$\text{y is a 2$\pi$-periodic function defined as:}$
$y(x) = \begin{cases} \dfrac{\sin(x)}{x} & \text{, $0\le|x|\le \pi$} \\ 1 & \text{, $x=0$} \end{cases}$
$\text{I want to show that the fourier coefficients of y are equal to:}$ $$c_{n}=\frac{1}{2\pi}\int_{(n-1)\pi}^{(n+1)\pi} \frac{\sin x}{x} dx $$
My attempt (using Euler's formula):
$$c_{n}=\frac{1}{2\pi}\int_{-\pi}^{\pi}\frac{\sin x}{x}e^{-inx} dx=\frac{1}{2\pi}\int_{-\pi}^{\pi}\frac{e^{ix(1-n)}-e^{-ix(1+n)}}{2xi} dx$$
Not sure how to continue though, also am I allowed to integrate from $-\pi$ to $\pi$? Since y is defined differently at $x=0$?
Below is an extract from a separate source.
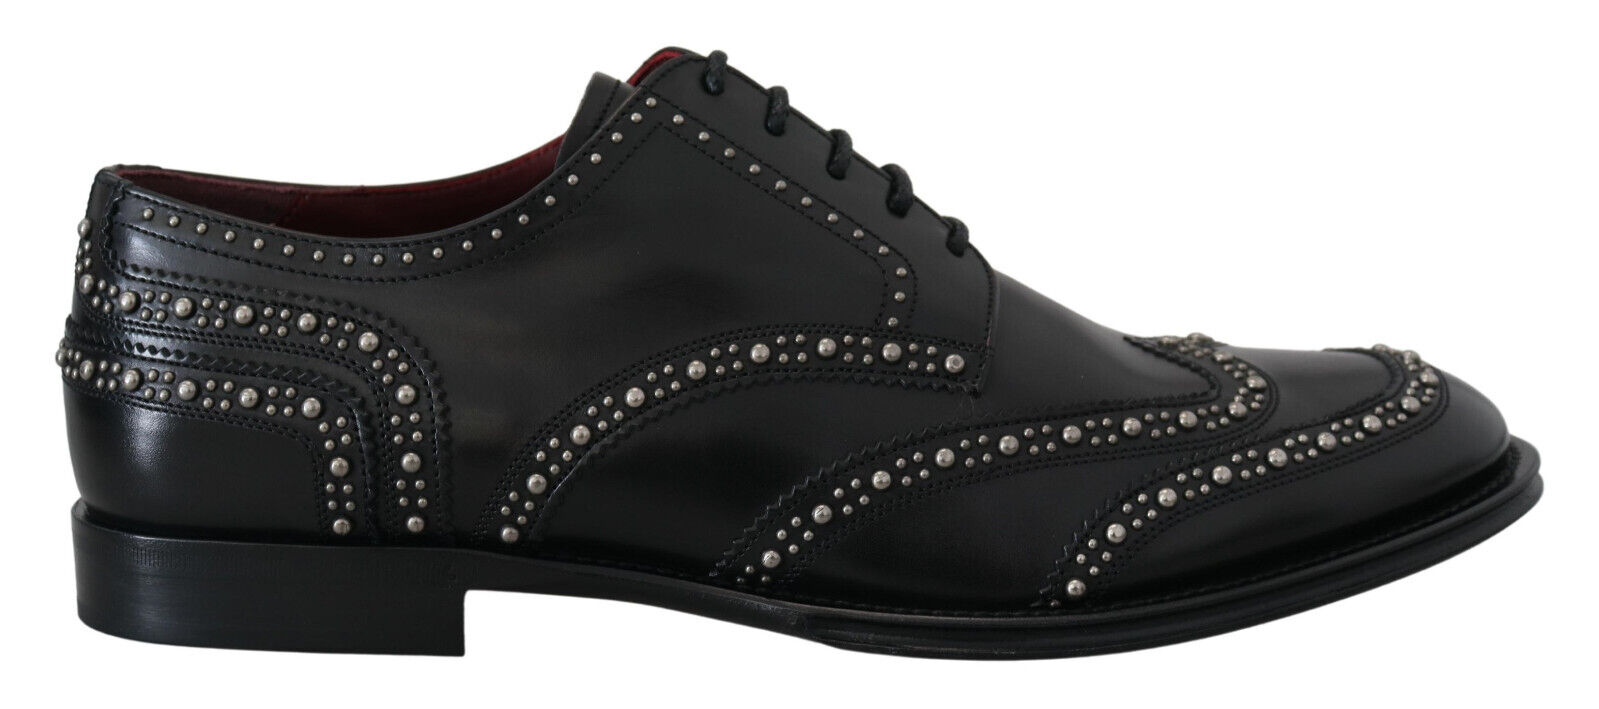 Туфли DOLCE & GABBANA Черное кожаное платье дерби с шипами EU41,5 / US8,5 Рекомендуемая розничная цена 1200 долларов США

We have \begin{align} \int_{-\pi}^{\pi} \frac{\sin x}{x}e^{-inx} \,dx &= \int_{-\pi}^{\pi} \frac{\sin x}{x}\cos(nx) \,dx -i \underbrace{\int_{-\pi}^{\pi} \frac{\sin x}{x}\sin(nx) \,dx}_{0 \text{ (odd integrand)}} \\ &= \int_{0}^{\pi} \frac{\sin((n+1)x)}{x} \,dx + \int_{0}^{\pi} \frac{\sin((1-n)x)}{x} \,dx \\ &= \int_0^{(n+1)\pi} \frac{\sin x}{x} \,dx - \int_{0}^{(n-1)\pi} \frac{\sin x}{x} \,dx \\ &= \int_{(n-1)\pi}^{(n+1)\pi} \frac{\sin x}{x} \,dx \end{align}